Lincoln Memorial, stately monument in Washington, D.C., honouring Abraham Lincoln, the 16th president of the United States, and “the virtues of tolerance, honesty, and constancy in the human spirit.” Designed by Henry Bacon on a plan similar to that of the Parthenon in Athens, the structure was constructed on reclaimed marshland along the banks of the Potomac River. The site selection caused controversy; the speaker of the House of Representatives, Joseph Cannon, favoured a more prominent spot across the Potomac, maintaining: “I’ll never let a memorial to Abraham Lincoln be erected in that g– damned swamp.” The cornerstone was set in 1915, and the completed memorial was dedicated before more than 50,000 people on May 30, 1922. Lincoln’s only surviving son, Robert Todd Lincoln, attended the ceremony. President Warren G. Harding and Chief Justice of the Supreme Court William Howard Taft, a former president, delivered addresses. Ironically, despite Lincoln’s renown as the “Great Emancipator,” the dedication ceremonies were strictly segregated; even Robert Moton, president of Tuskegee Institute, who spoke in the ceremony, was not allowed to sit on the speaker’s platform and instead was required to sit in an area reserved for African Americans.
The Lincoln Memorial includes 36 columns of Colorado marble, one for each state in the Union at the time of Lincoln’s death in 1865; each column stands 44 feet (13.4 metres) high. The names of the 48 contiguous states are listed above the colonnade, and the dates of their admission to the Union are engraved in Roman numerals. Because Hawaii and Alaska attained statehood several decades after the Lincoln Memorial was finished, their names are inscribed on a plaque located on the front steps.
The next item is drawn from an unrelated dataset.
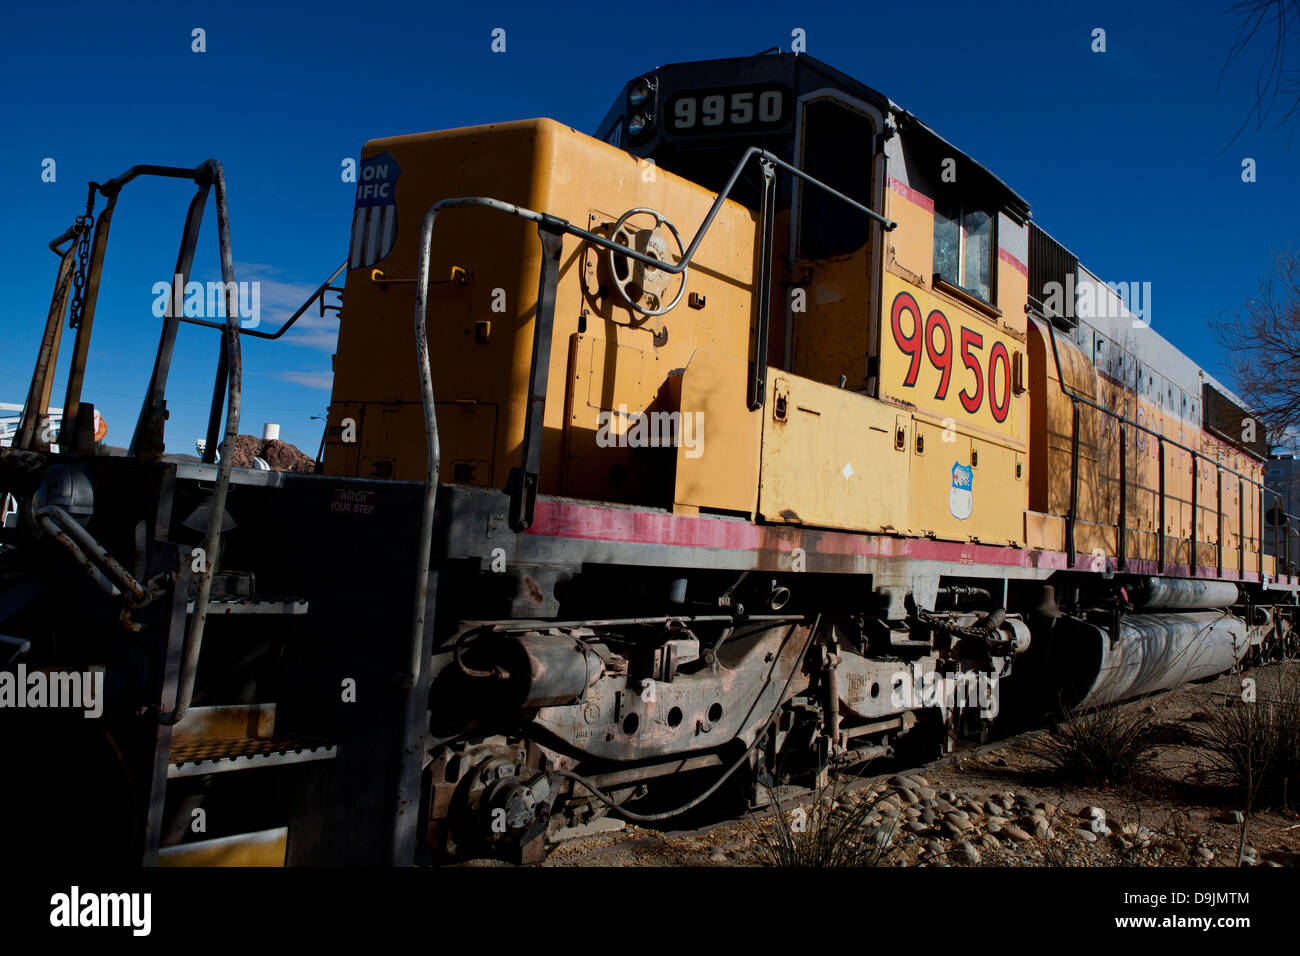 Union Pacific train engine 9950, Harvey House Railroad Depot, originally the Casa del Desierto train station,Barstow, California, United States of America Stock Photo

The interior features a 19-foot (5.8-metre) seated statue of Lincoln made of Georgia white marble. It was assembled on the premises from 28 pieces and rests on a pedestal of Tennessee marble. The statue was designed by Daniel Chester French and carved by the Piccirilli brothers of New York. Inscribed on the south wall of the monument is Lincoln’s Gettysburg Address, on the north wall his Second Inaugural Address. On the ceiling are two paintings by Jules Guerin, Reunion and Progress and Emancipation of a Race. On a direct east-west axis with the Washington Monument and the United States Capitol, the Lincoln Memorial serves as the terminus to the western end of the Mall. It is situated on the Reflecting Pool near the Vietnam Veterans Memorial and the Korean War Veterans Memorial.
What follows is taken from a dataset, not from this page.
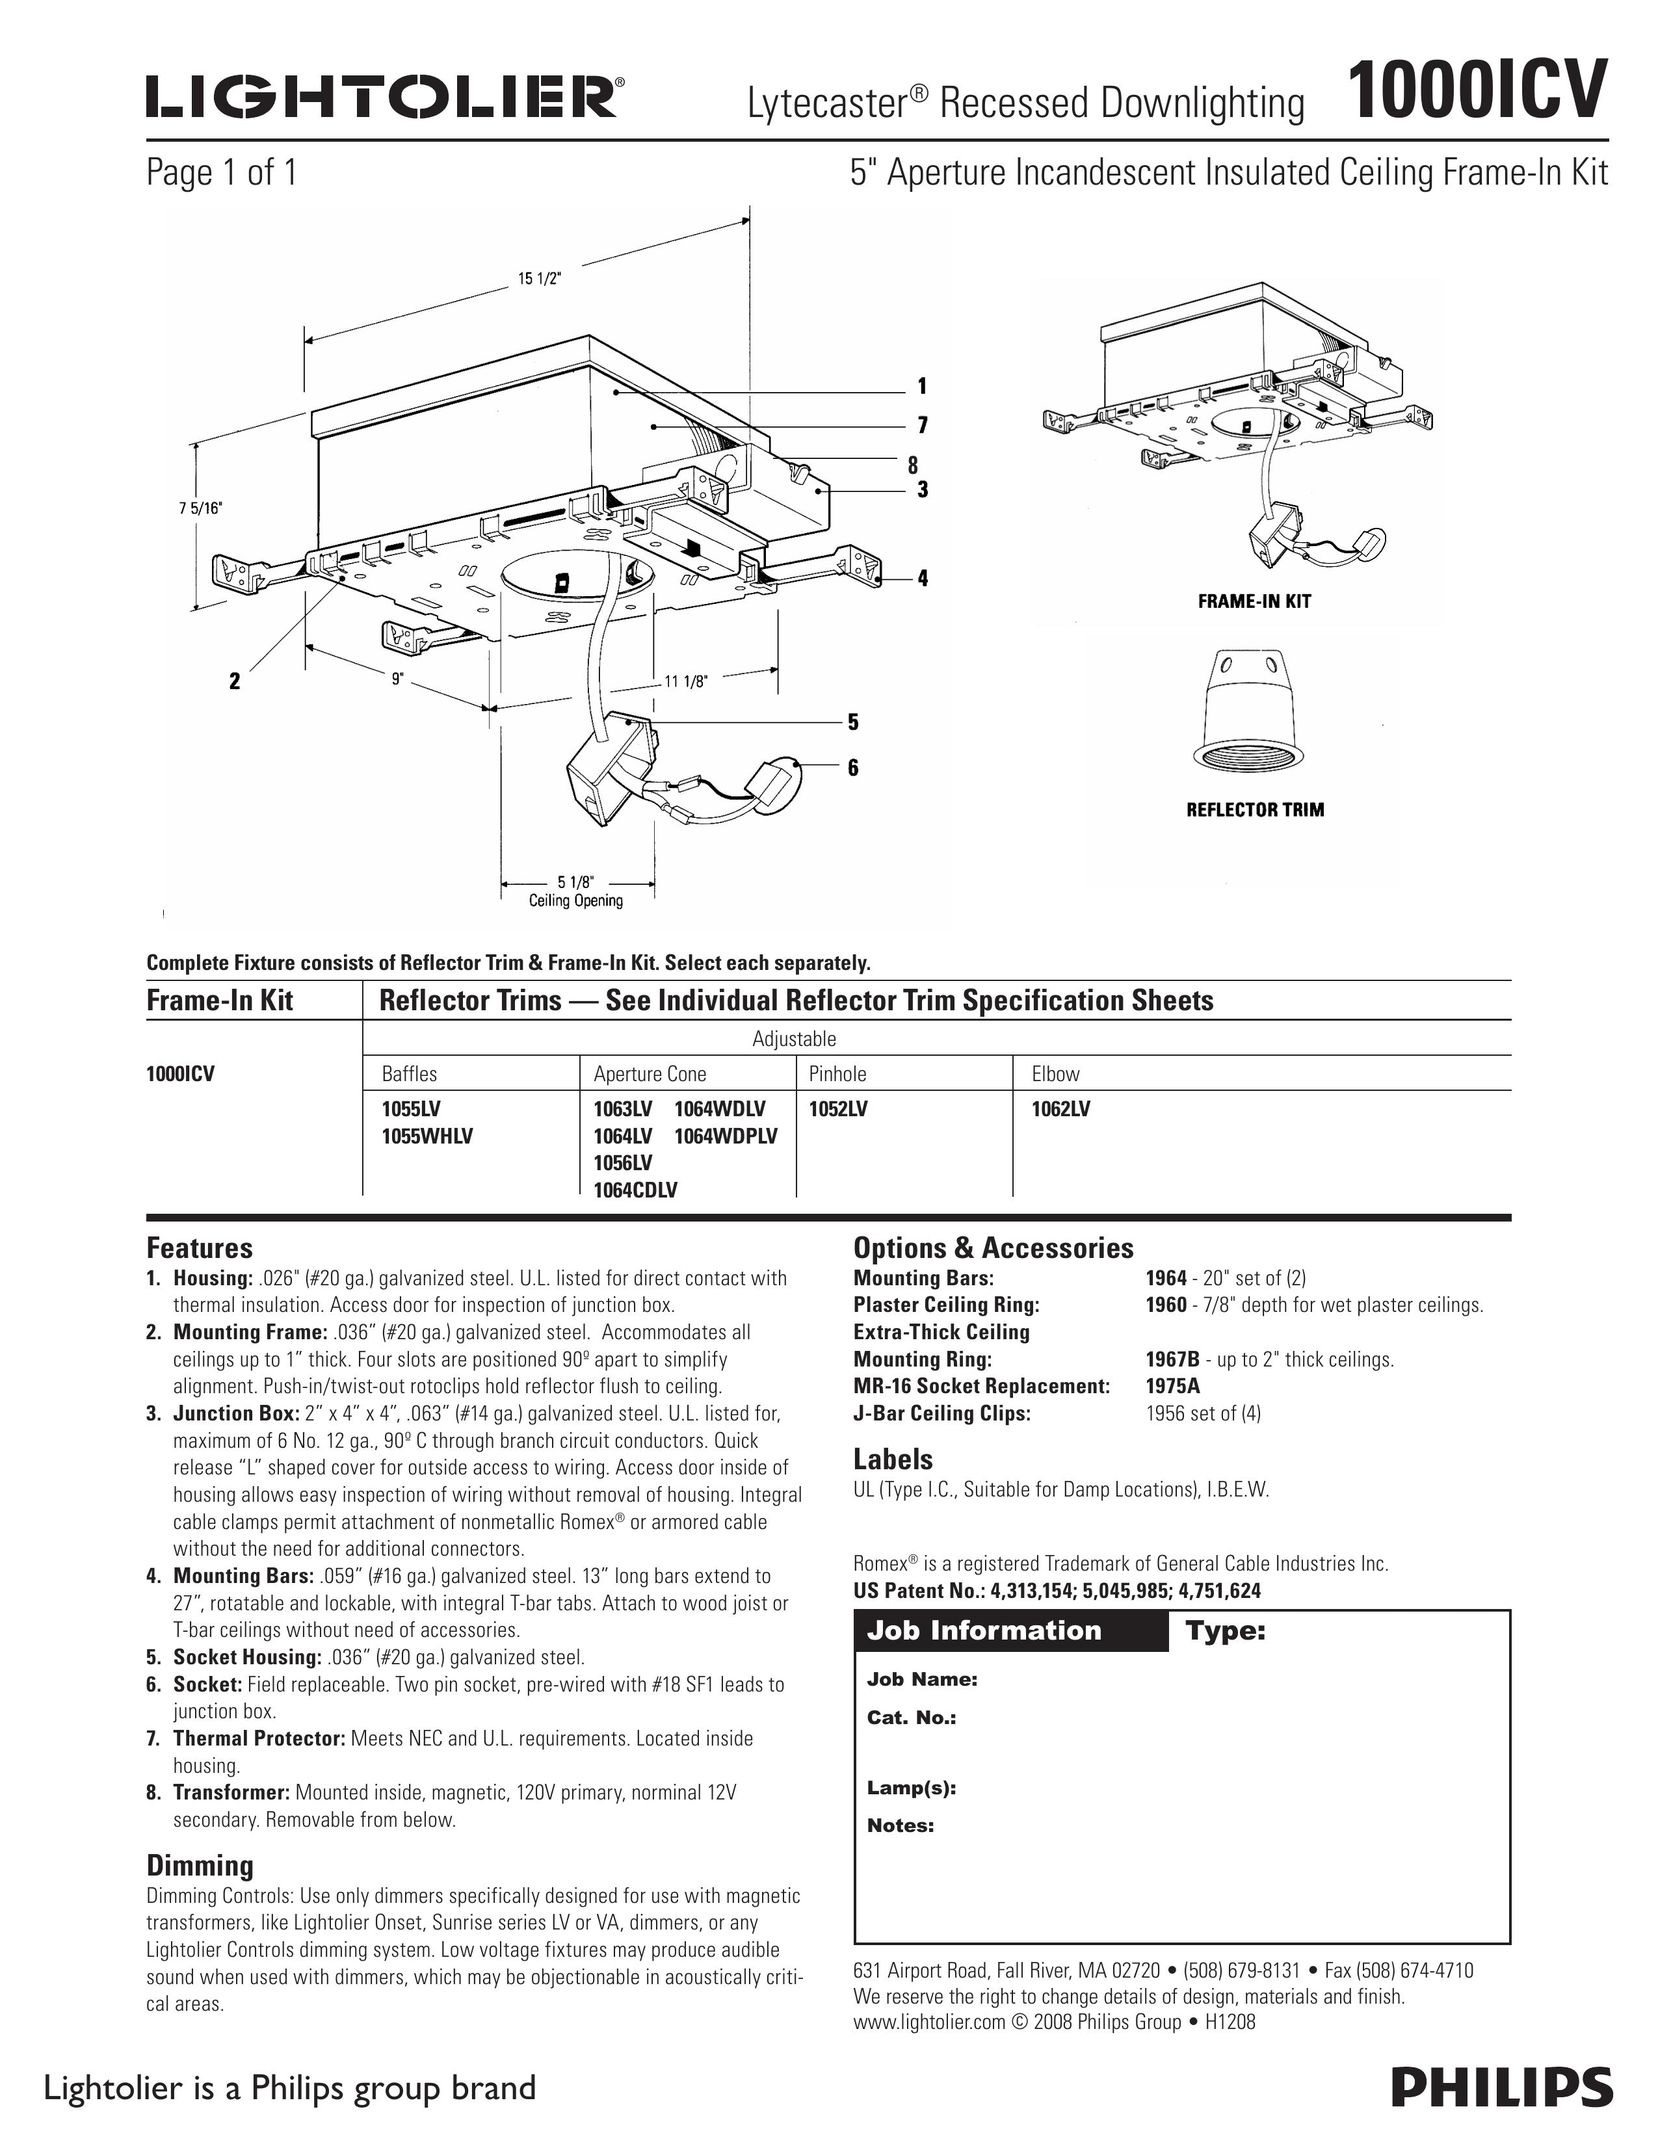 Lightolier 1000ICV Indoor Furnishings User Manual

The Lincoln Memorial was an important symbol of the American civil rights movement. Marian Anderson, the famed African American contralto, with the support of first lady Eleanor Roosevelt, was granted permission by the Department of the Interior to perform at the Lincoln Memorial in 1939 after being denied the right to sing at Constitution Hall by the Daughters of the American Revolution. In 1963, on the 100th anniversary of the Emancipation Proclamation, civil rights leader Martin Luther King, Jr., delivered his famous “I Have a Dream” speech from the steps of the Lincoln Memorial in front of more than 200,000 people.